Paper of record seems to suggest that anything that happens anywhere will be noted and recorded in this paper. If you look at the way the Times covers, for example, metropolitan New York news, that certainly isn’t the case. If you look at how it covers sports news, that certainly isn’t the case. It actually has moved away from being that kind of documenter of everything that happens in favor of enterprising reporting, investigative reporting, and original reporting—not just what happened, but how can we bring something to this that no one else has?
When do you think that change occurred?
It wasn’t overnight, but it’s happened in the digital era. For one thing, there’s a lot more day-to-day, moment-to-moment competition for attention. If you’re going to survive, you better not just be giving the box scores but rather doing some sort of big, fresh enterprising reporting on something. I do think it’s unfortunate that local reporting by some of the big news organizations has fallen off, especially since local reporting is really troubled right now and really under siege, not only in the big metropolitan areas but all over the country. It’s a really big worry.

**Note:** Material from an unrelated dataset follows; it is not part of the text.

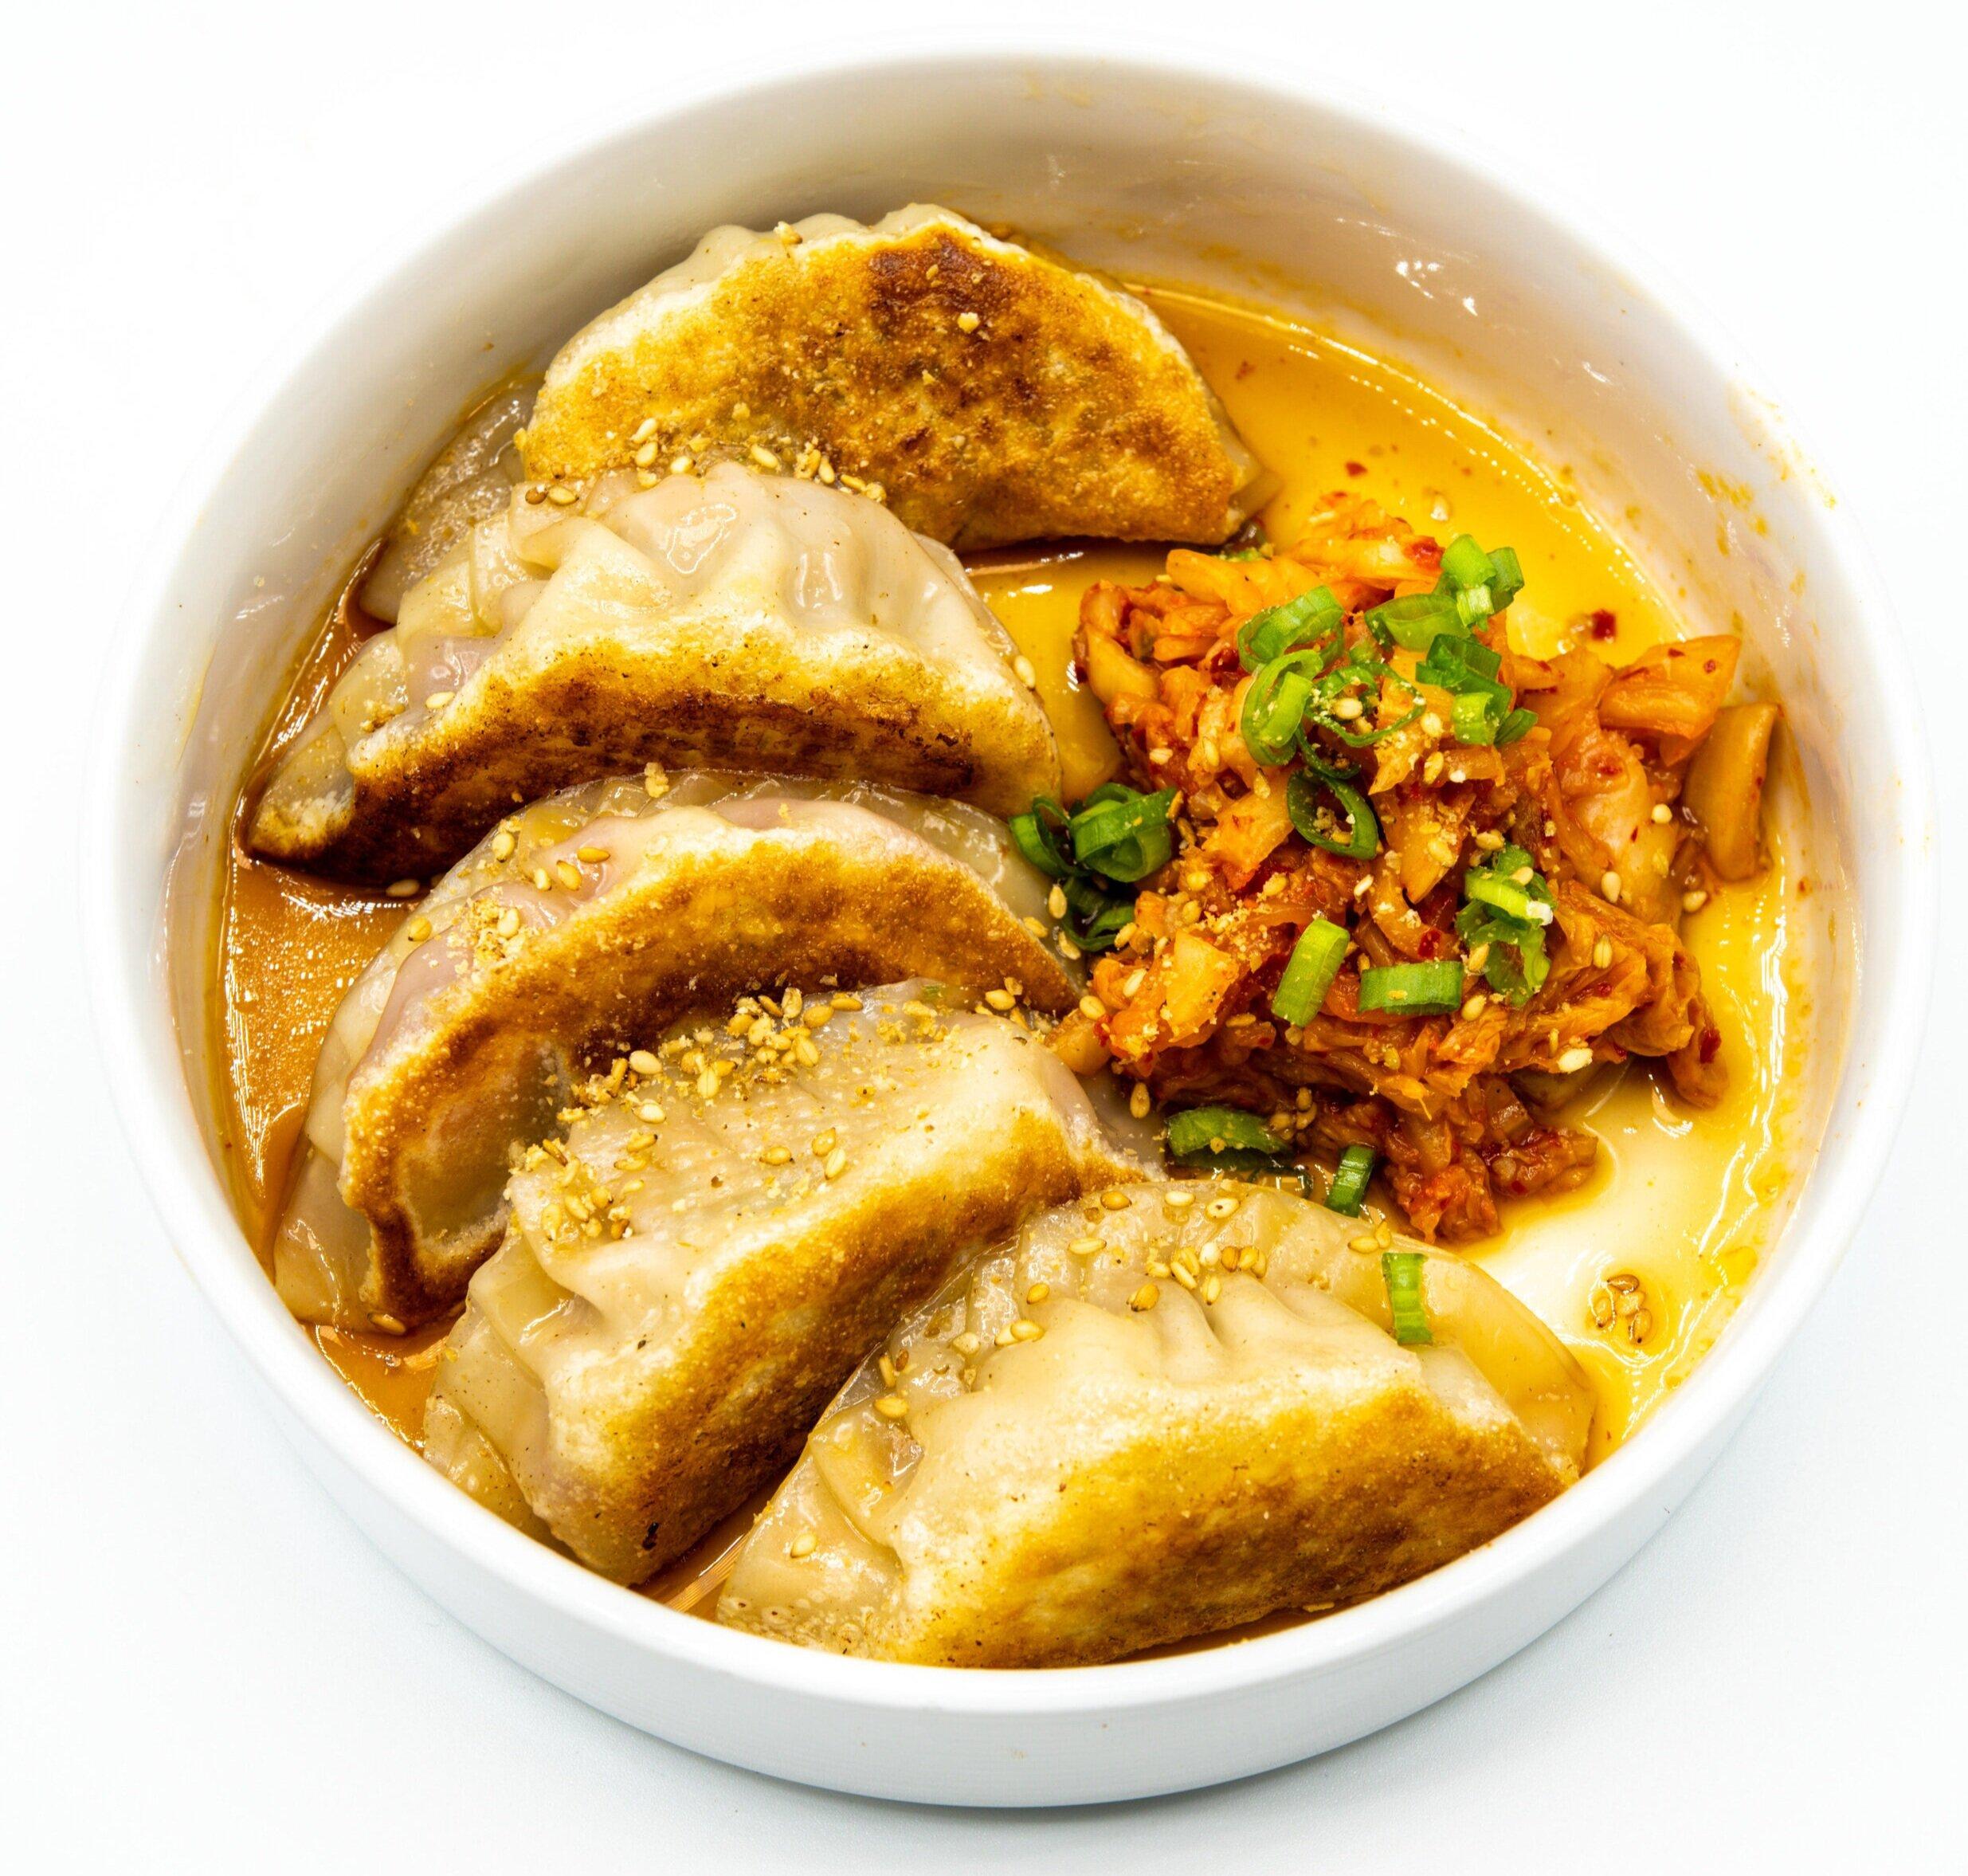 Anju+-+Mandu-dumplings.jpg

That would be my biggest complement and critique of the Times, and a lot of the newspapers now, is that the quality level between the big investigative 4,000-word front-page stories, which are more frequent and frequently fantastic (I mean fantastic in a positive sense, not unbelievable), and the more daily stuff—“We’re going to cover all these local news; we’re going to cover basic things that happened in 800 words; we’re going to give a good summary of every major book that comes out,” et cetera—seems to have fallen of a little bit in quality.
I do think it’s a business decision that says we really need to provide something that only we can do and that distinguishes us. If you’re headed to every municipal meeting, that isn’t the kind of work that’s going to distinguish a big newspaper.